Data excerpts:
-- Opening Marker --
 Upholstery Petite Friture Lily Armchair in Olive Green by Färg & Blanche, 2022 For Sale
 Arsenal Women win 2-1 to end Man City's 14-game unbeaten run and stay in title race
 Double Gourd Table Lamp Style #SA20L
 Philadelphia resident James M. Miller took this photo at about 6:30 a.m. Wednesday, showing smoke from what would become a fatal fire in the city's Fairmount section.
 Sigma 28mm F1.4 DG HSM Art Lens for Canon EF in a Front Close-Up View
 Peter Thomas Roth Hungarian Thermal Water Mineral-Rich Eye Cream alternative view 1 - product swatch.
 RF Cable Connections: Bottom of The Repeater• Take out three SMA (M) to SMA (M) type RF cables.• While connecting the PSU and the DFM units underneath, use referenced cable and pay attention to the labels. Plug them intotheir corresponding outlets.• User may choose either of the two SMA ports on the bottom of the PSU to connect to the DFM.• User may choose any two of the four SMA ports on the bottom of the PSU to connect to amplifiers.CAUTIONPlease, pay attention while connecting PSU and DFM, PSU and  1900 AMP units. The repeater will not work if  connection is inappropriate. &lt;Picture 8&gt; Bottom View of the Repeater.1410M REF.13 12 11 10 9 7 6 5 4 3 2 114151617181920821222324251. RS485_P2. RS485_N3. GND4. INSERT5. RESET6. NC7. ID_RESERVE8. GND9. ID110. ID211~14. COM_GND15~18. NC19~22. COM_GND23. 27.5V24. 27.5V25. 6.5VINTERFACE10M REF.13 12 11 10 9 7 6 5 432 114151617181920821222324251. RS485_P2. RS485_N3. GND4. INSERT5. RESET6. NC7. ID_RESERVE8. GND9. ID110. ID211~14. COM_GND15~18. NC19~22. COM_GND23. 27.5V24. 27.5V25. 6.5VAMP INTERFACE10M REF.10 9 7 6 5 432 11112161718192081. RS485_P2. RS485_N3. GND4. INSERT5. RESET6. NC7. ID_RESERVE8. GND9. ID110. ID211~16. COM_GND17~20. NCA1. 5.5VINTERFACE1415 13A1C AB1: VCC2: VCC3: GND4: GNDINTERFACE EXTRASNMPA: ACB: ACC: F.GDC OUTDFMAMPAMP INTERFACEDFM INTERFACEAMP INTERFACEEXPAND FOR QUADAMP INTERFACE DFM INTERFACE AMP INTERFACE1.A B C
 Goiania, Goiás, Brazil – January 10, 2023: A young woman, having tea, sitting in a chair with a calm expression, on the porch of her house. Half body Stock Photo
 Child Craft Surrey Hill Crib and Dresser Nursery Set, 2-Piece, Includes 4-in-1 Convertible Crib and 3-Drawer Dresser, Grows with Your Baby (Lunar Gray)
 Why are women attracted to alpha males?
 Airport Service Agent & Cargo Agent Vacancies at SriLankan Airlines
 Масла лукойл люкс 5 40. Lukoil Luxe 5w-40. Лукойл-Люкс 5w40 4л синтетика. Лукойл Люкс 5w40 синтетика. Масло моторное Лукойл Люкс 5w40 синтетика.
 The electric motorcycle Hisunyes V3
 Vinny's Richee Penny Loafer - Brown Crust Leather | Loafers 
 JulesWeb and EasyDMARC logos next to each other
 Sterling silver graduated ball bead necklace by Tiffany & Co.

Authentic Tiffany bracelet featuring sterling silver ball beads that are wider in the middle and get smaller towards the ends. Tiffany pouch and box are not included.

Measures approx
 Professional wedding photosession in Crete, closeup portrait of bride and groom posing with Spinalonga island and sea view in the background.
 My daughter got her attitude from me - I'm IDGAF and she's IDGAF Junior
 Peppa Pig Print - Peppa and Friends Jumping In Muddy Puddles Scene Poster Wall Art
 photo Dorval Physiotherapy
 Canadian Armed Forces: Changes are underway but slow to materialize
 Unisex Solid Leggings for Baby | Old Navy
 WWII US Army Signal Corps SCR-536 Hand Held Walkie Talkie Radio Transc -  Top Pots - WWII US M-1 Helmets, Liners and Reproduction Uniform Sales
-- Closing Marker --
Problem
Please find all lines of the entries that hold the string "Baby" and copy them.

Solution for this task
 Child Craft Surrey Hill Crib and Dresser Nursery Set, 2-Piece, Includes 4-in-1 Convertible Crib and 3-Drawer Dresser, Grows with Your Baby (Lunar Gray)
 Unisex Solid Leggings for Baby | Old Navy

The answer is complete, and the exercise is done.